Jacob Blaustein Center for Scientific Cooperation, The Jacob Blaustein Institutes for Desert Research, Ben-Gurion University of the Negev, Midreshet Ben-Gurion, Israel.
Mitrani Department of Desert Ecology, The Jacob Blaustein Institutes for Desert Research, Ben-Gurion University of the Negev, Midreshet Ben-Gurion, Israel.
PLoS Biol. 2022 May 26;20(5):e3001544. doi: 10.1371/journal.pbio.3001544. eCollection 2022 May.
The Red List of Threatened Species, published by the International Union for Conservation of Nature (IUCN), is a crucial tool for conservation decision-making. However, despite substantial effort, numerous species remain unassessed or have insufficient data available to be assigned a Red List extinction risk category. Moreover, the Red Listing process is subject to various sources of uncertainty and bias. The development of robust automated assessment methods could serve as an efficient and highly useful tool to accelerate the assessment process and offer provisional assessments. Here, we aimed to (1) present a machine learning-based automated extinction risk assessment method that can be used on less known species; (2) offer provisional assessments for all reptiles-the only major tetrapod group without a comprehensive Red List assessment; and (3) evaluate potential effects of human decision biases on the outcome of assessments. We use the method presented here to assess 4,369 reptile species that are currently unassessed or classified as Data Deficient by the IUCN. The models used in our predictions were 90% accurate in classifying species as threatened/nonthreatened, and 84% accurate in predicting specific extinction risk categories. Unassessed and Data Deficient reptiles were considerably more likely to be threatened than assessed species, adding to mounting evidence that these species warrant more conservation attention. The overall proportion of threatened species greatly increased when we included our provisional assessments. Assessor identities strongly affected prediction outcomes, suggesting that assessor effects need to be carefully considered in extinction risk assessments. Regions and taxa we identified as likely to be more threatened should be given increased attention in new assessments and conservation planning. Lastly, the method we present here can be easily implemented to help bridge the assessment gap for other less known taxa.

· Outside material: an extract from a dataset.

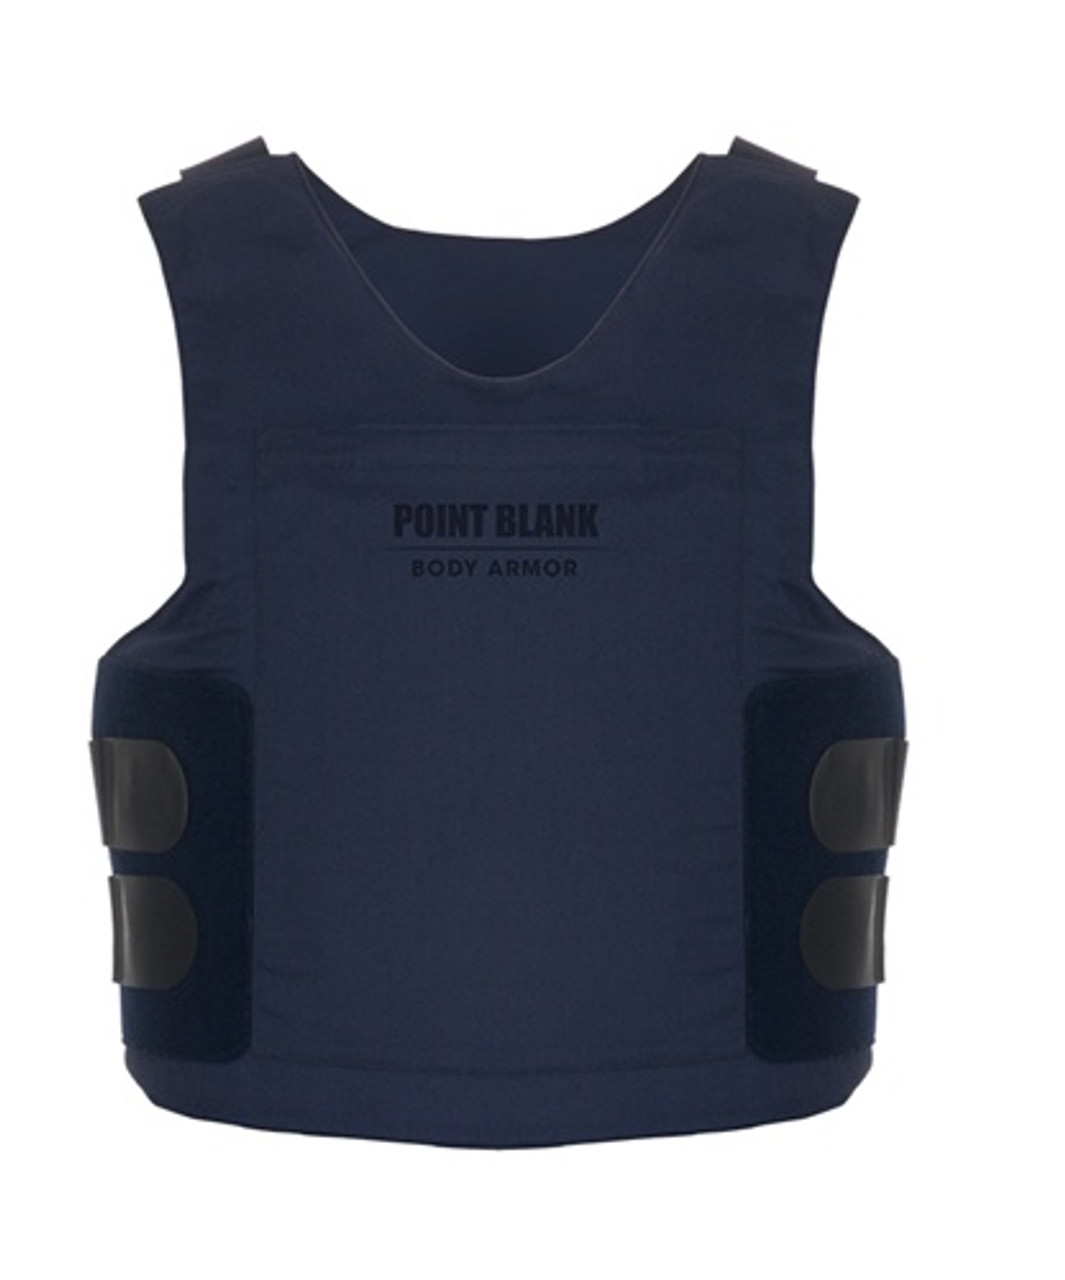 Point Blank Body Armor C-Series Vest Bullet Resistant Vest

《濒危物种红色名录》由国际自然保护联盟 (IUCN) 发布,是保护决策的重要工具。然而,尽管付出了巨大努力,仍有许多物种尚未得到评估,或缺乏足够的数据来确定其红色名录灭绝风险类别。此外,红色名录编制过程存在各种不确定性和偏见。开发强大的自动化评估方法可以作为一种高效且非常有用的工具,以加速评估过程并提供临时评估。在这里,我们旨在:(1) 提出一种基于机器学习的自动化灭绝风险评估方法,可用于不太知名的物种;(2) 对所有爬行动物进行临时评估——这是唯一没有全面红色名录评估的主要四足动物群;(3) 评估人类决策偏见对评估结果的潜在影响。我们使用这里提出的方法对 4369 种目前未被评估或被 IUCN 归类为数据不足的爬行动物进行评估。我们预测中使用的模型在将物种分类为受威胁/非受威胁物种方面的准确率为 90%,在预测特定灭绝风险类别方面的准确率为 84%。未被评估和数据不足的爬行动物被认为受到威胁的可能性远远高于已被评估的物种,这进一步证明了这些物种需要更多的保护关注。当我们纳入临时评估时,受威胁物种的总体比例大大增加。评估员身份强烈影响预测结果,表明在灭绝风险评估中需要仔细考虑评估员的影响。我们确定的可能受到更大威胁的区域和分类群应在新的评估和保护规划中给予更多关注。最后,我们在这里提出的方法可以很容易地实施,以帮助缩小其他不太知名分类群的评估差距。